– Они все – ее слуги? – уточнила я, удивляясь сама себе. Сколько я сегодня спорила с ним!
Отец Андрей мельком взглянул на меня, закрывая дверцу машины – мы уже заехали во двор и припарковались.
– Челядь, Руся. Если тебе больше нравятся четкие исторические определения. Что ты задираешься? Люди работают садовниками, конюхами, поварами. Охраняют дом, кормят собак, чистят лошадей.
– У вас точно нигде не может прятаться моя Люба? – напоследок спросила я.
Отец Андрей пожал плечами:
– Я – не прячу. А вот может ли она прятаться… Ну давай обойдем все помещения, посмотрим. Заодно с Фросей познакомишься. Я думаю, вам будет о чем поговорить. И ей полезно… – Он не договорил, потому что по двору к нему бежала женщина в белом платке и длинной синей юбке, волочившейся по земле из-под куртки.
– Отец Андрей! Счастье какое! Новые подсвечники Ефросинья Петровна привезла! А красивые какие! Красивые какие!
– Тише, тише… – пробормотал отец Андрей, кивая. – Привезла – хорошо…

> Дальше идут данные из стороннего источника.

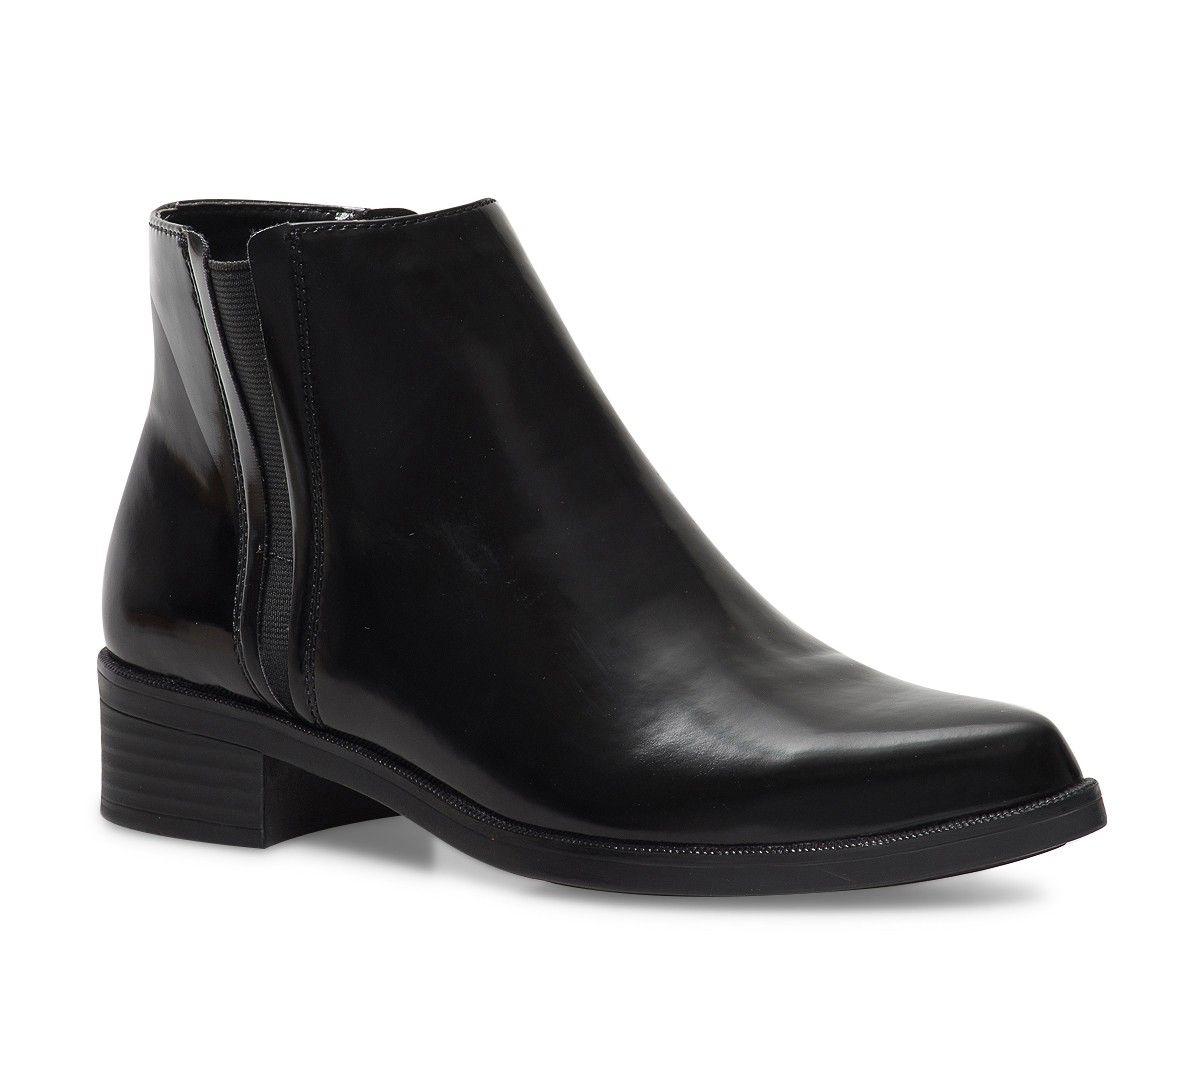 bottines plates noires | chaussures | pinterest | plates

Я пошла за ним, оглядывая двор и думая, где и правда могла спрятаться Люба. Вон там какая-то пристройка с отдельным входом и еще спуском в подвальчик. Воскресная школа, открытая только наполовину, во второй заканчивается ремонт – туда надо заглянуть…

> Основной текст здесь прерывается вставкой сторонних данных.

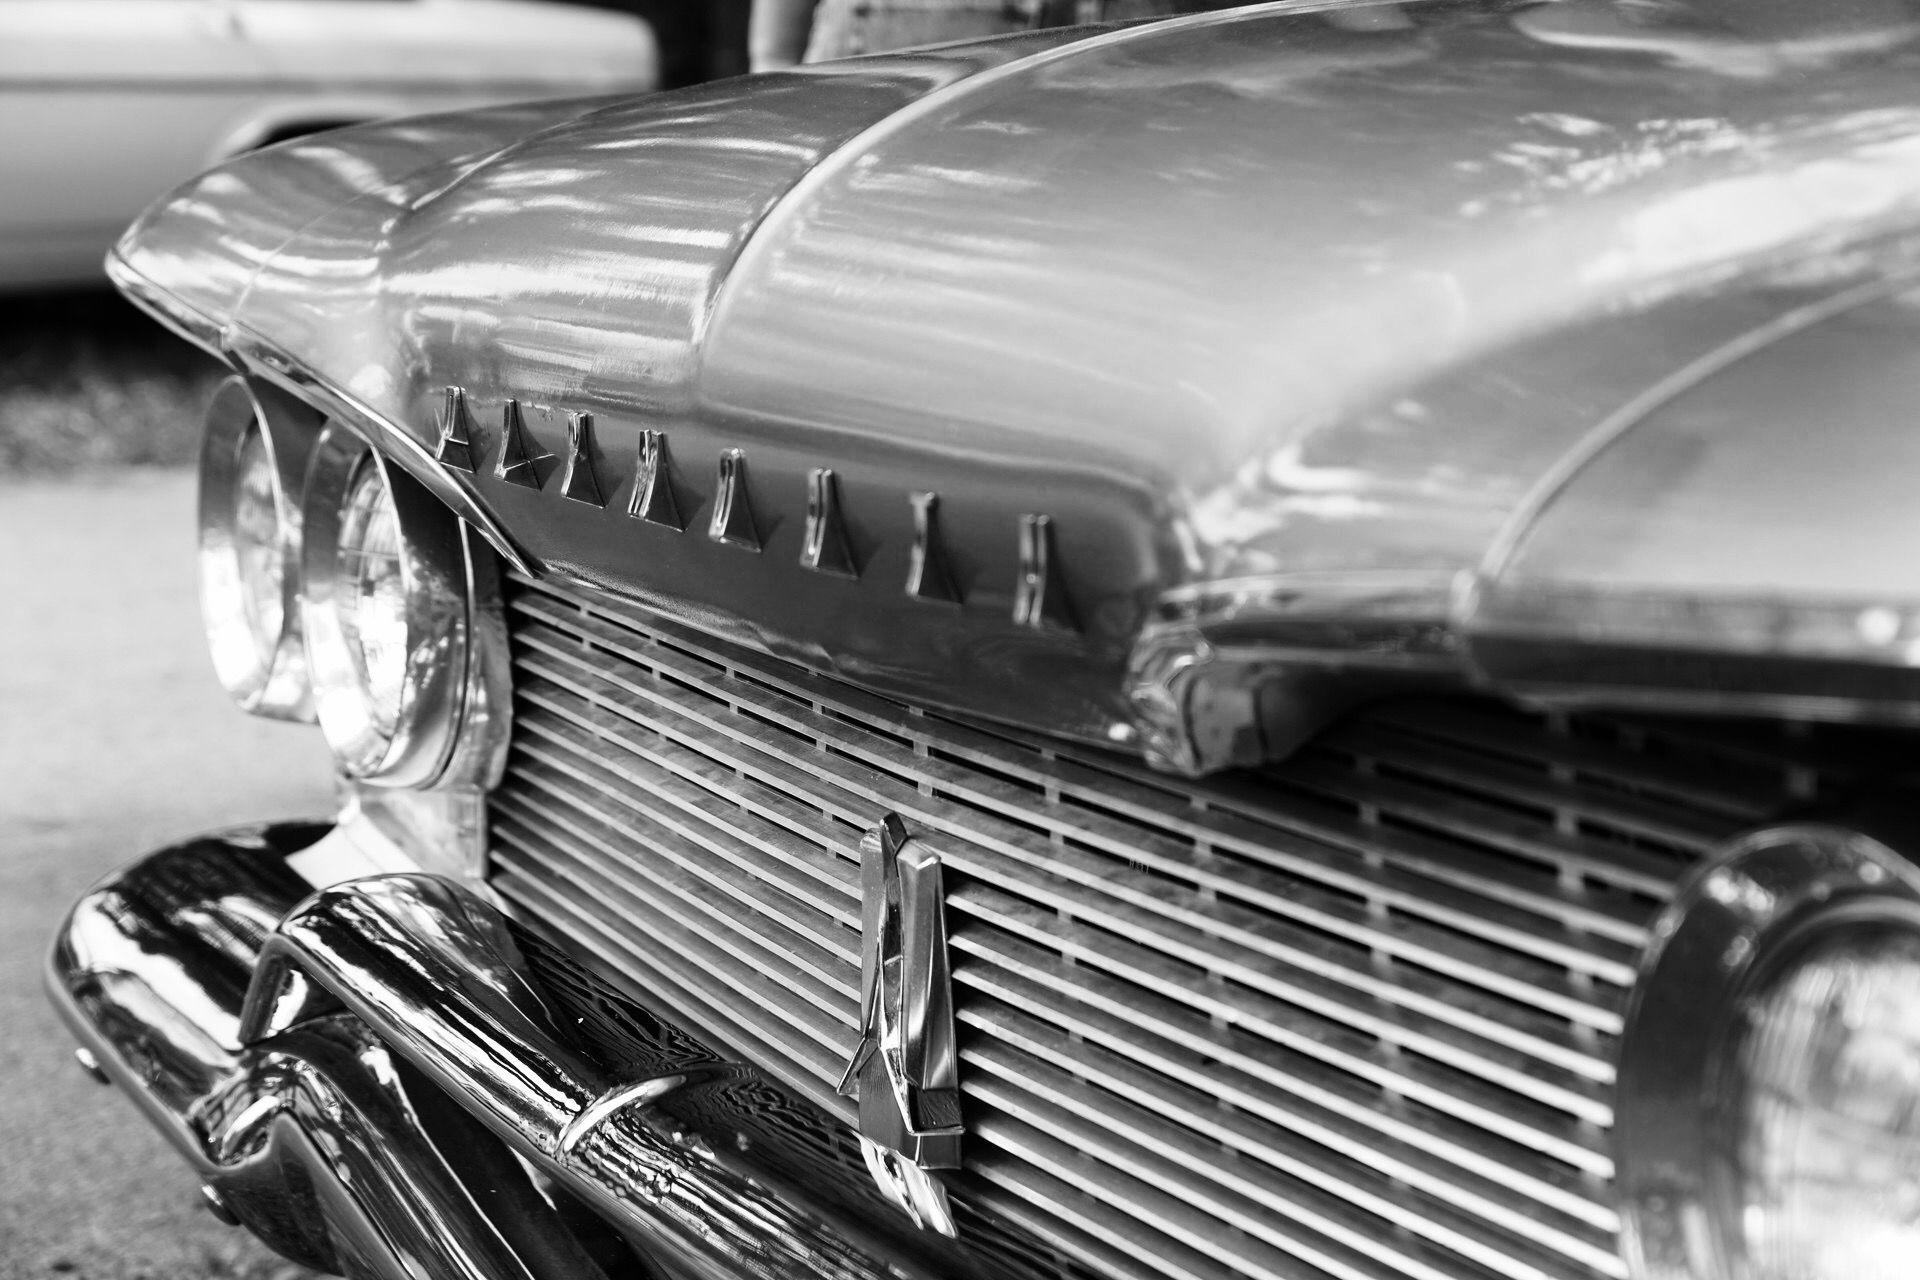 Pin von Dirk auf Automobile

– Руся! – окликнул меня отец Андрей и подождал, пока я подойду к нему. – С чем ты борешься? – негромко спросил он, не обращая внимания на женщину в белом платке, которая бегала вокруг него кругами, всплескивая руками, крестясь и смеясь – от счастья, вероятно.
– Борюсь? – переспросила я, думая, что ослышалась.
– Да, борешься. Все, что я говорю, принимаешь внутренне в штыки, даже если вслух не споришь.
– С… несправедливостью, – секунду подумав, ответила я. Да, наверно, если одним словом – то так.
– Бог справедлив, – ответил мне священник.
– Жизнь несправедлива. Как может быть справедлив при этом Бог? – Мне ужасно хотелось сказать «Ваш Бог», но я не сказала.
– Жизнь делают люди. Человек несовершенен.
– Но его создал Бог, таким несовершенным, – уточнила я.
– Несовершенным его делают пороки, пороки – от дьявола, – чуть напряженно ответил мне отец Андрей, поглядывая на церковь, куда шли прихожане к службе.
– Не понимаю, – честно ответила я.
– Понимать не нужно, нужно верить, – ответил отец Андрей, легко перекрестил меня и ушел, не прощаясь и не оборачиваясь, в сторону церкви.
Я – так – не могу. Я не могу верить, не рассуждая. И думаю, что многие не могут. Иначе не были бы исписаны тонны церковной литературы. Я заходила как-то в лавку при церкви. Там было очень много современных книг о вере. А что о ней писать, если и так все бы верили, безоглядно. Значит, все же отец Андрей лукавит. В голове у меня уже некоторое время вертелась фраза Александра Блока, которую я недавно сдуру процитировала на уроке вслух: «Что нынче невеселый, товарищ поп?» Теперь попы снова веселые, товарищ Блок, не переживайте. Веселые, уверенные в себе и в своей абсолютной правоте. Тетёрку просто разорвало от этой фразы. Хотя что в ней такого плохого?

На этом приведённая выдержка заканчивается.